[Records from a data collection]
________________________________________

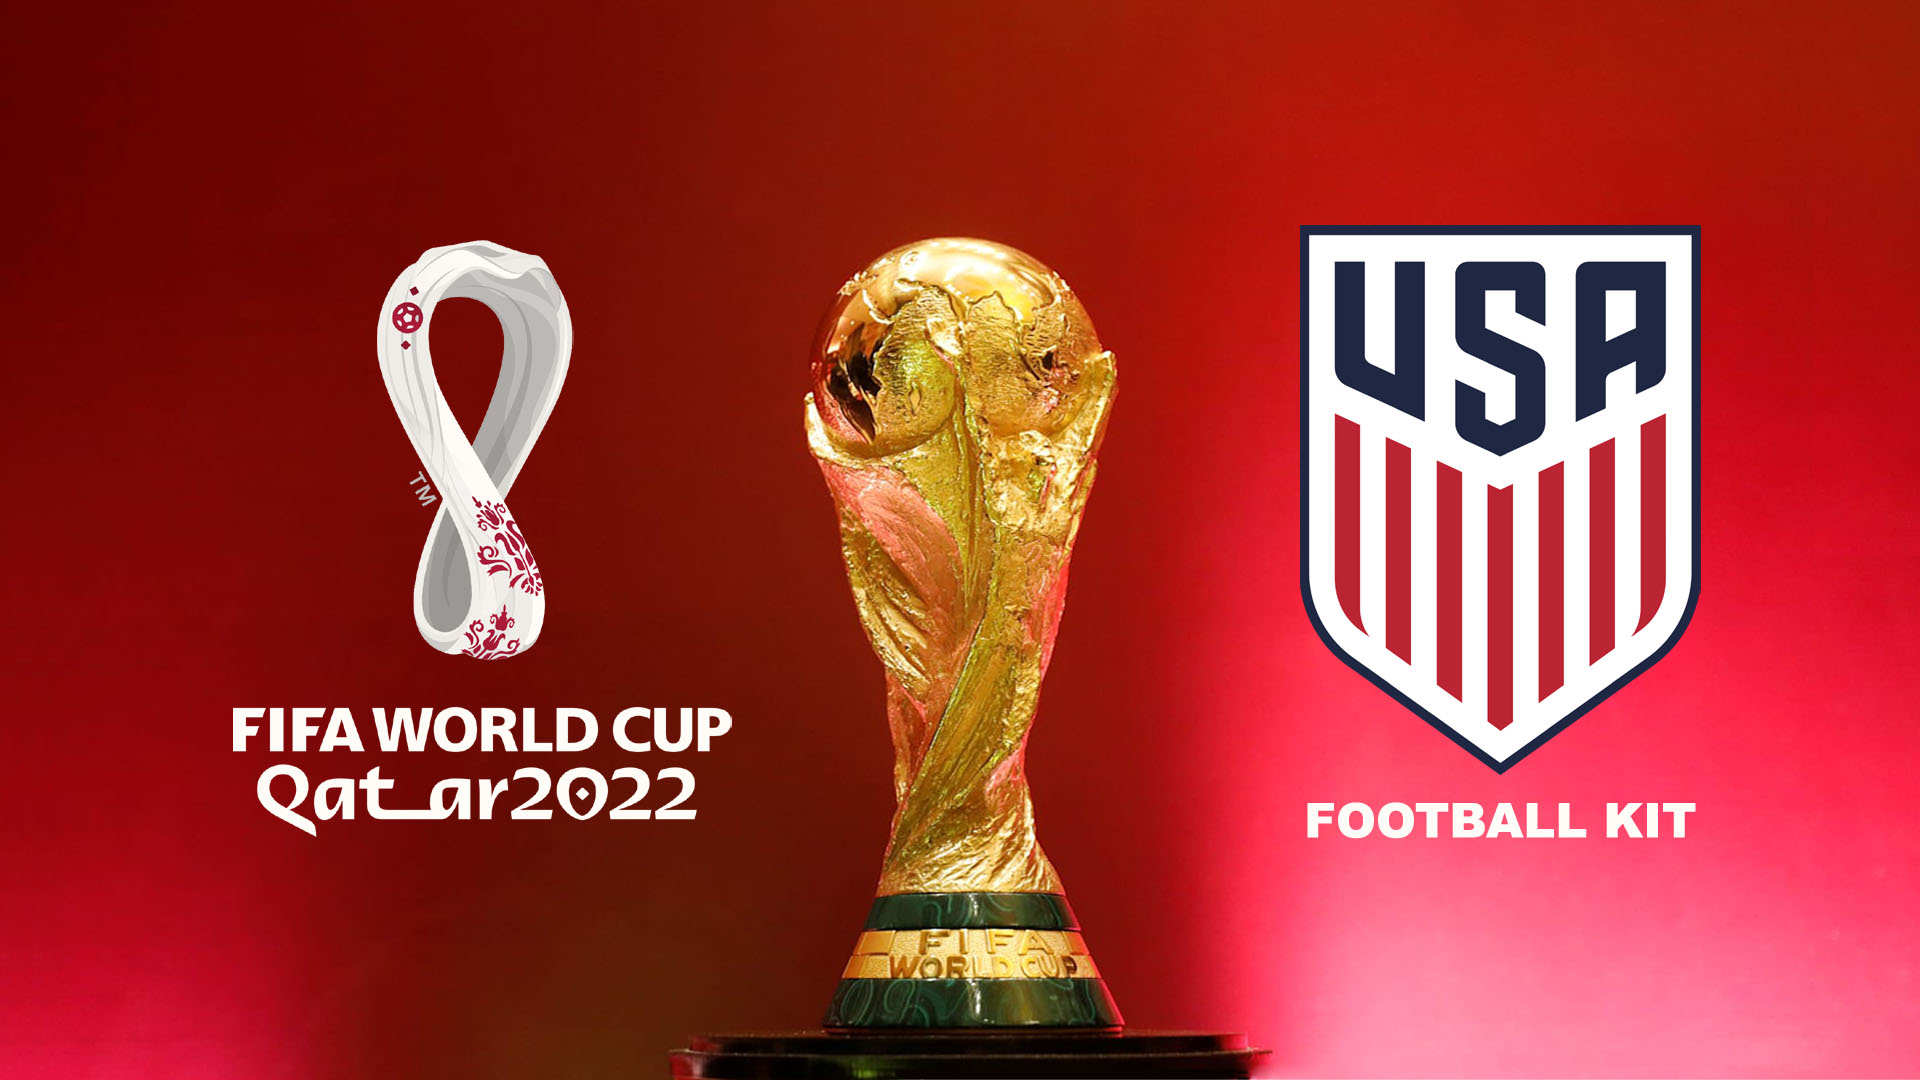 USA Kit World Cup 2022
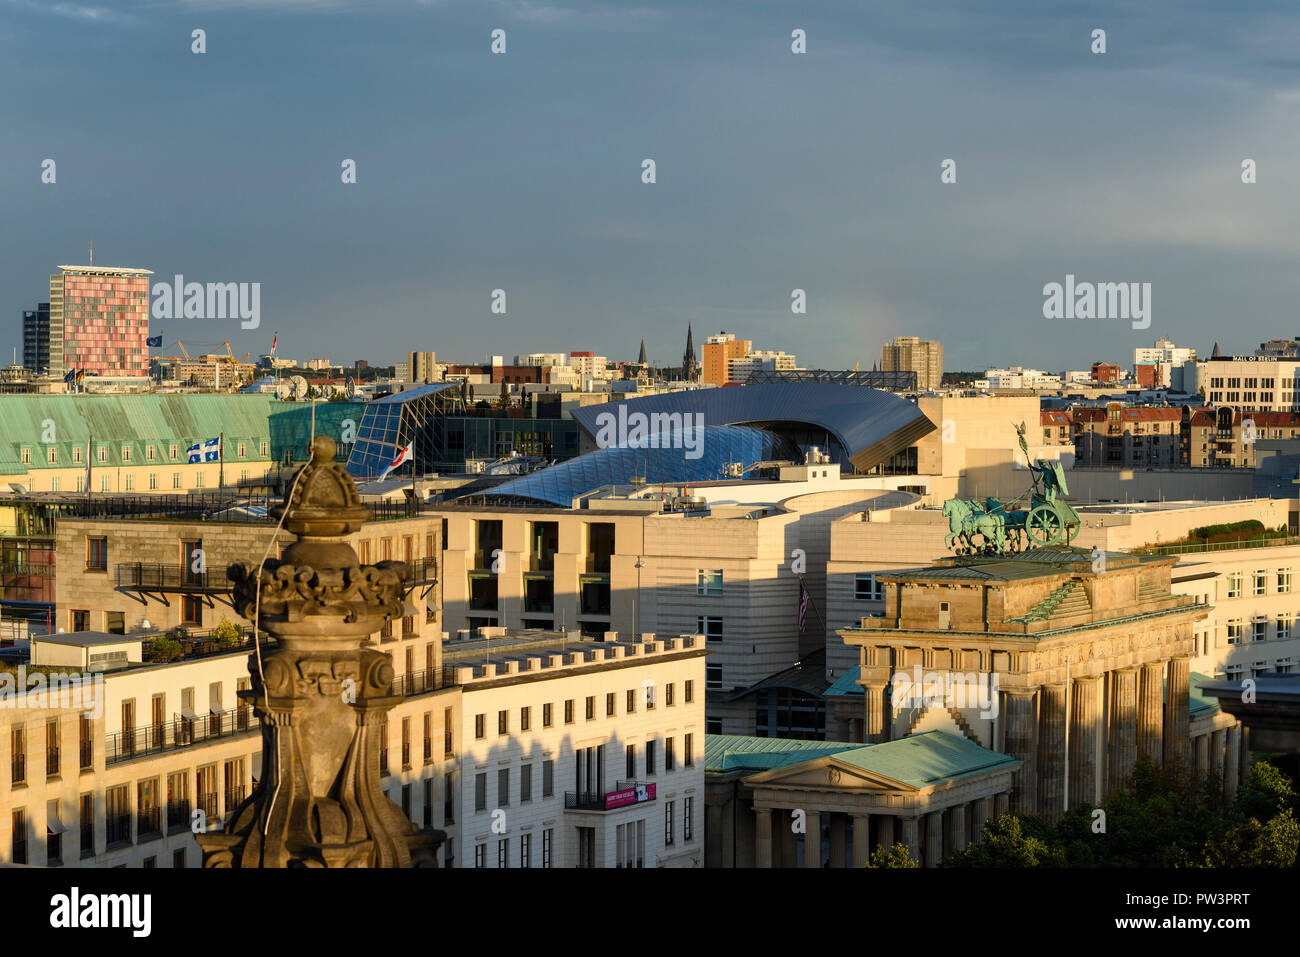 Berlino. Germania. Lo skyline di Berlino con la vista in elevazione della Porta di Brandeburgo (Brandenburger Tor) e gli edifici sulla Pariser Platz, il caratteristico vetro r Foto Stock
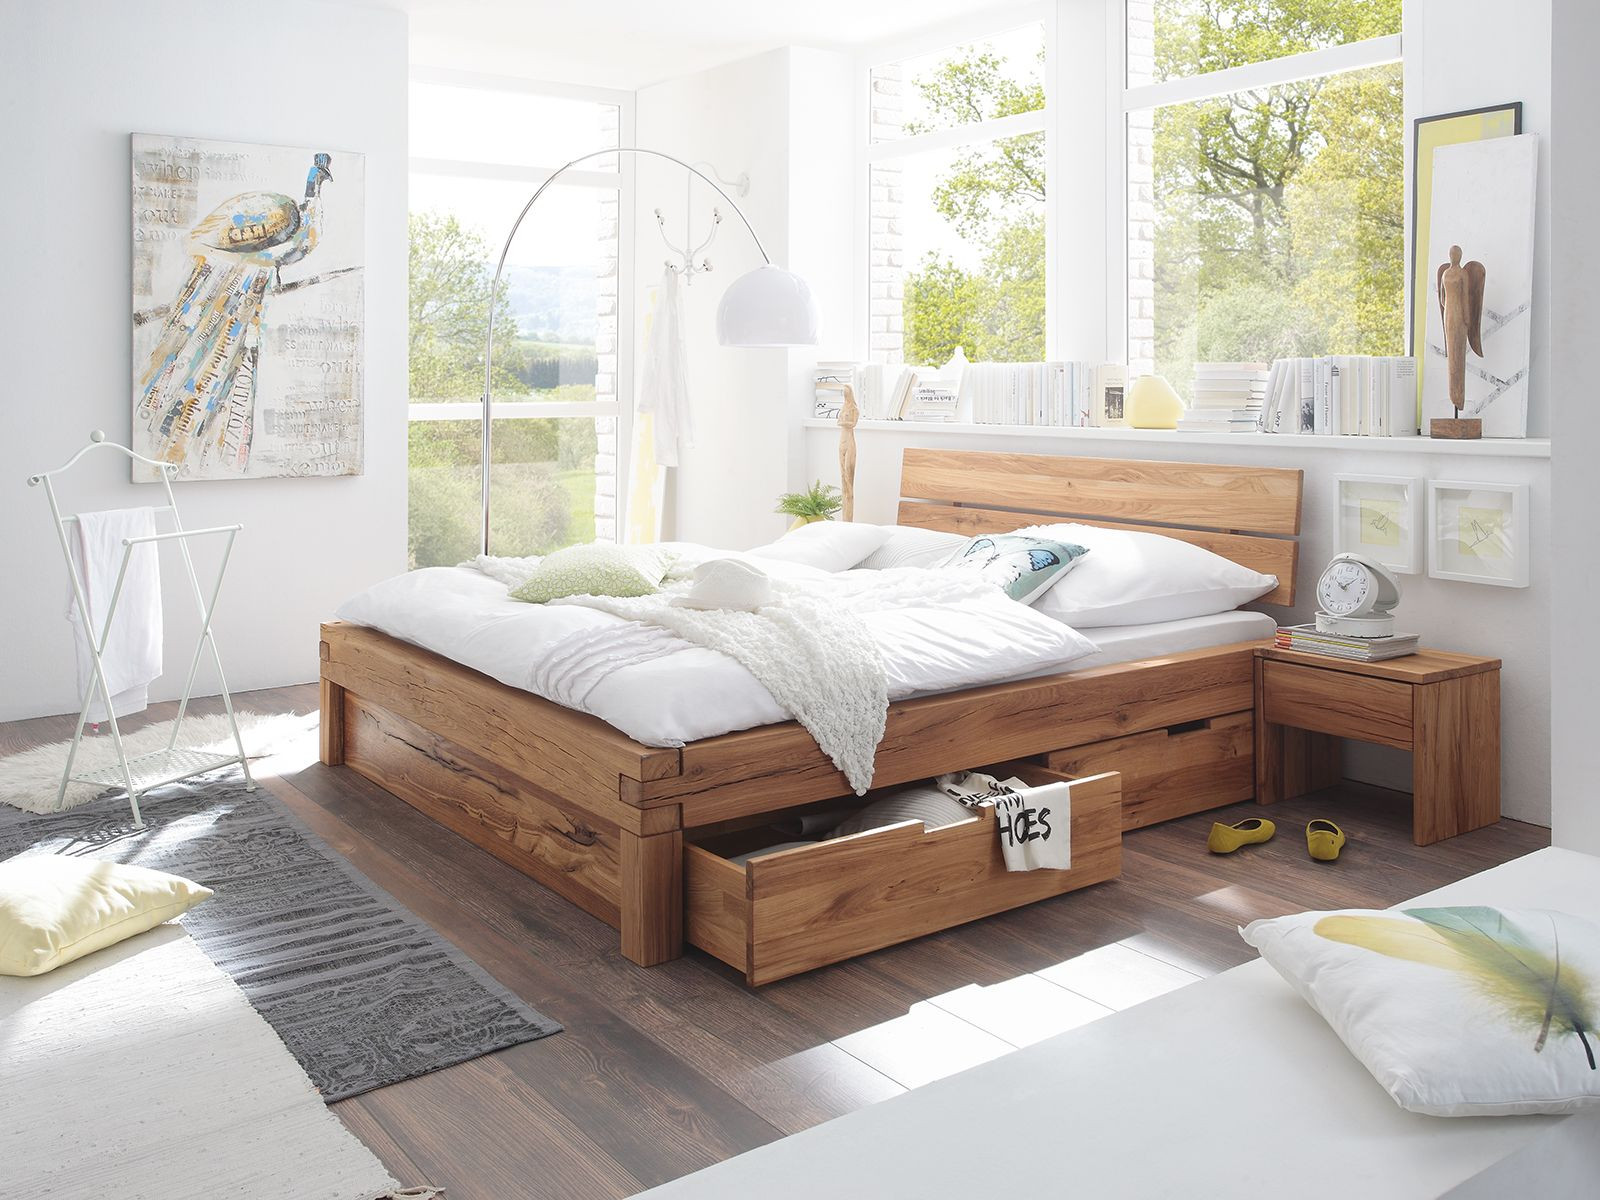 Bett 160x200
 Bett 160x200 Wildeiche geölt Bettgestell massiv Holz Möbel
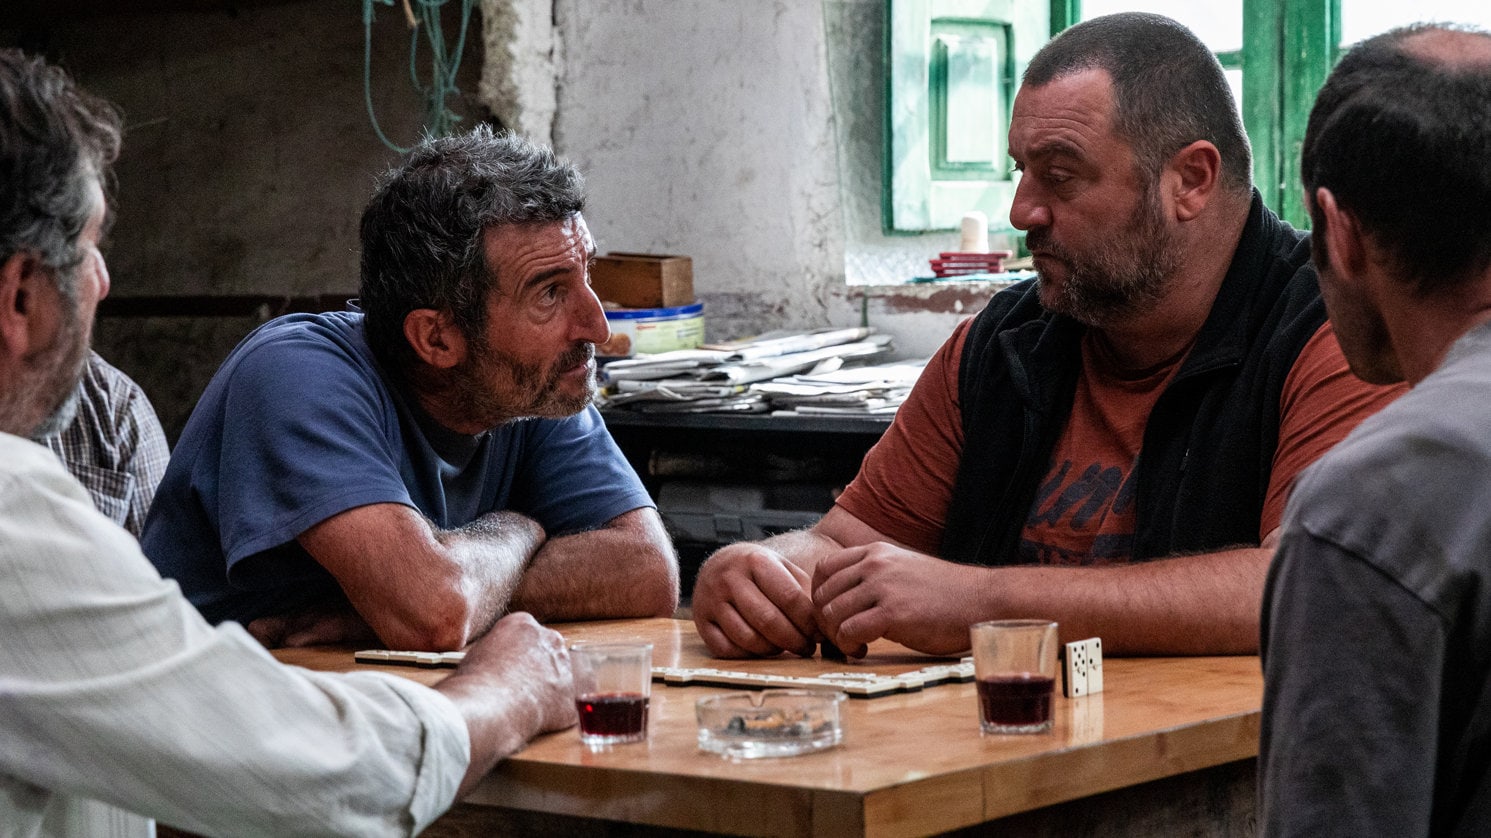 Xan (Luis Zahera) et Antoine (Denis Ménochet) parlent à table au bar dans As Bestas

________________________________________

Task description
The last line of the entries marks the end, and the line with "Bett 160x200 Wildeiche" marks the start. Output exactly those two lines and every line between them, nothing else, with the pictures left out.

Answer for this exercise
 Bett 160x200 Wildeiche geölt Bettgestell massiv Holz Möbel
 Xan (Luis Zahera) et Antoine (Denis Ménochet) parlent à table au bar dans As Bestas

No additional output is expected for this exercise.